* DATA EXTRACT
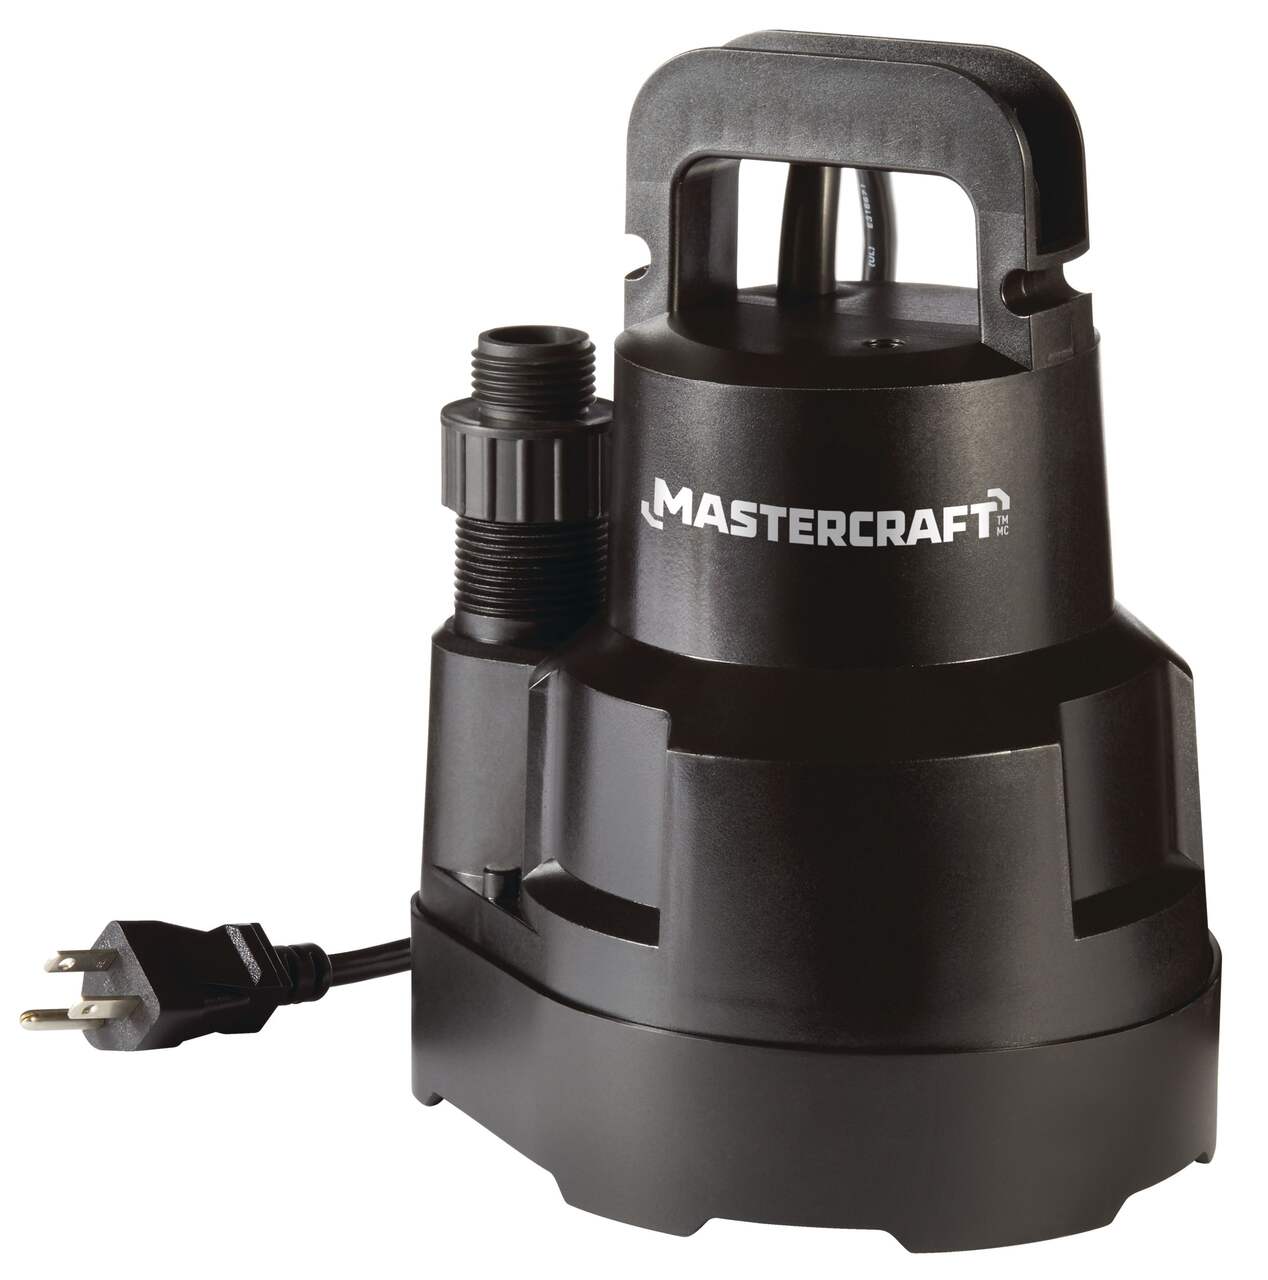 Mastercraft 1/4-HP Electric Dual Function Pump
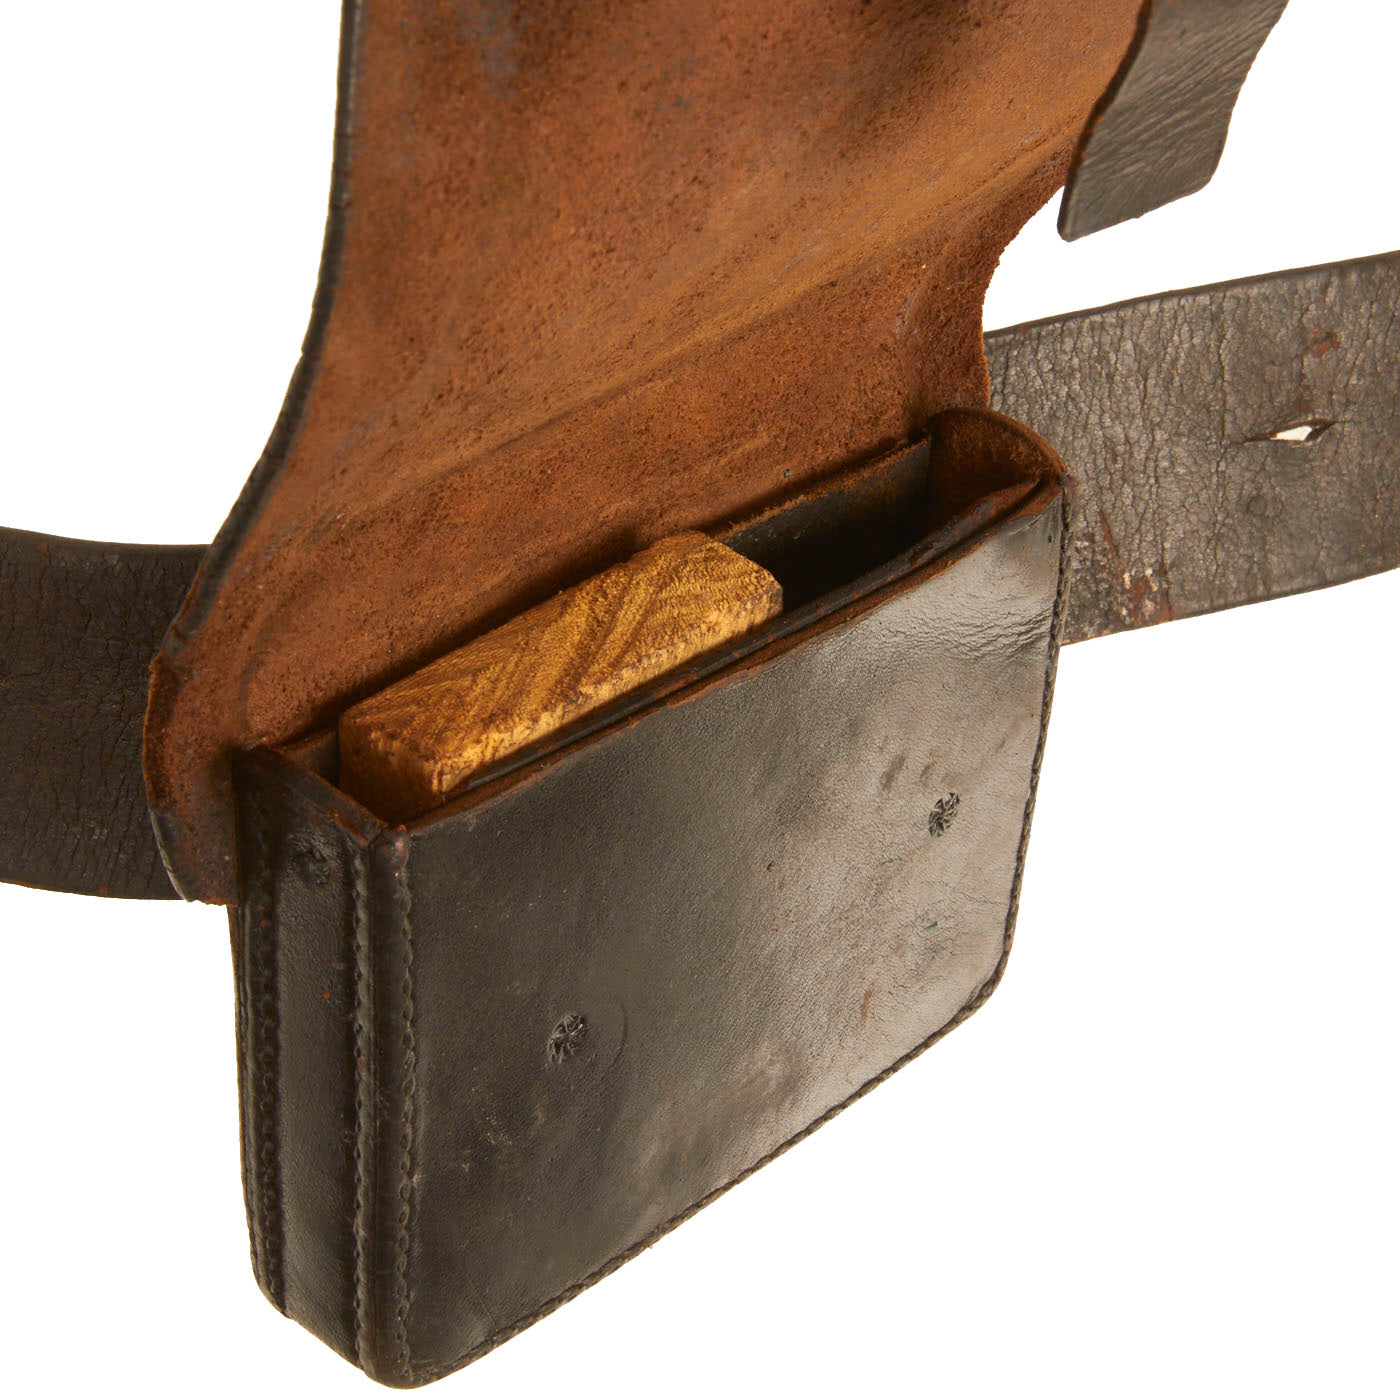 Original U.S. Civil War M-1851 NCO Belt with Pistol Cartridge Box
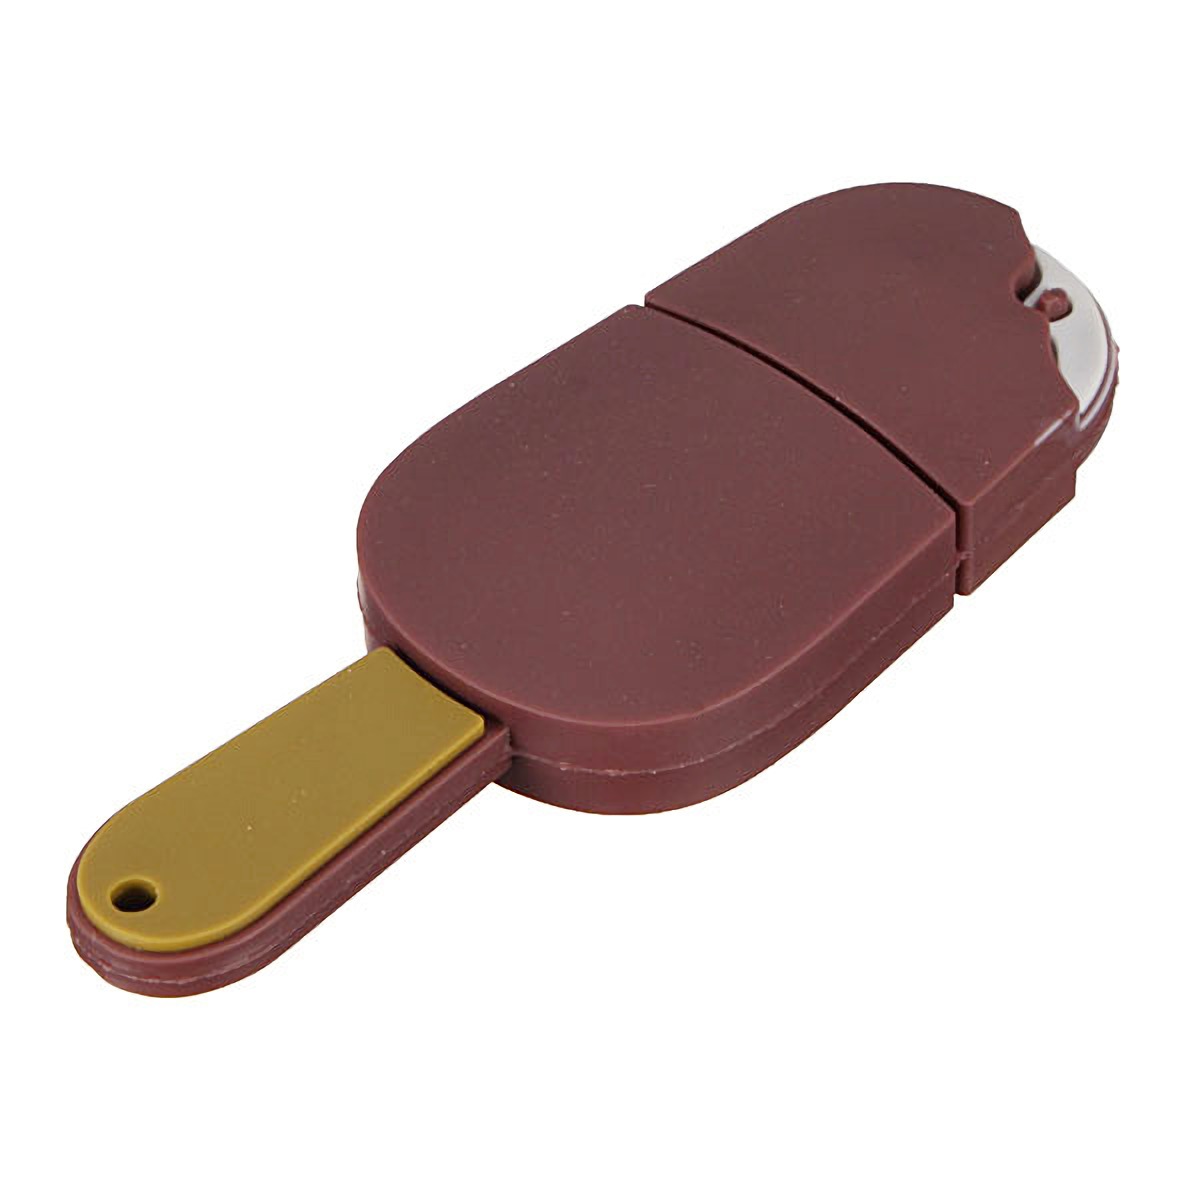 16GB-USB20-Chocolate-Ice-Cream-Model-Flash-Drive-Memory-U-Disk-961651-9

* EXERCISE PROMPT
Only the pictures are to be left out, and all of the data must otherwise be transcribed exactly.

* SOLUTION TO THIS TASK
 Mastercraft 1/4-HP Electric Dual Function Pump
 Original U.S. Civil War M-1851 NCO Belt with Pistol Cartridge Box
 16GB-USB20-Chocolate-Ice-Cream-Model-Flash-Drive-Memory-U-Disk-961651-9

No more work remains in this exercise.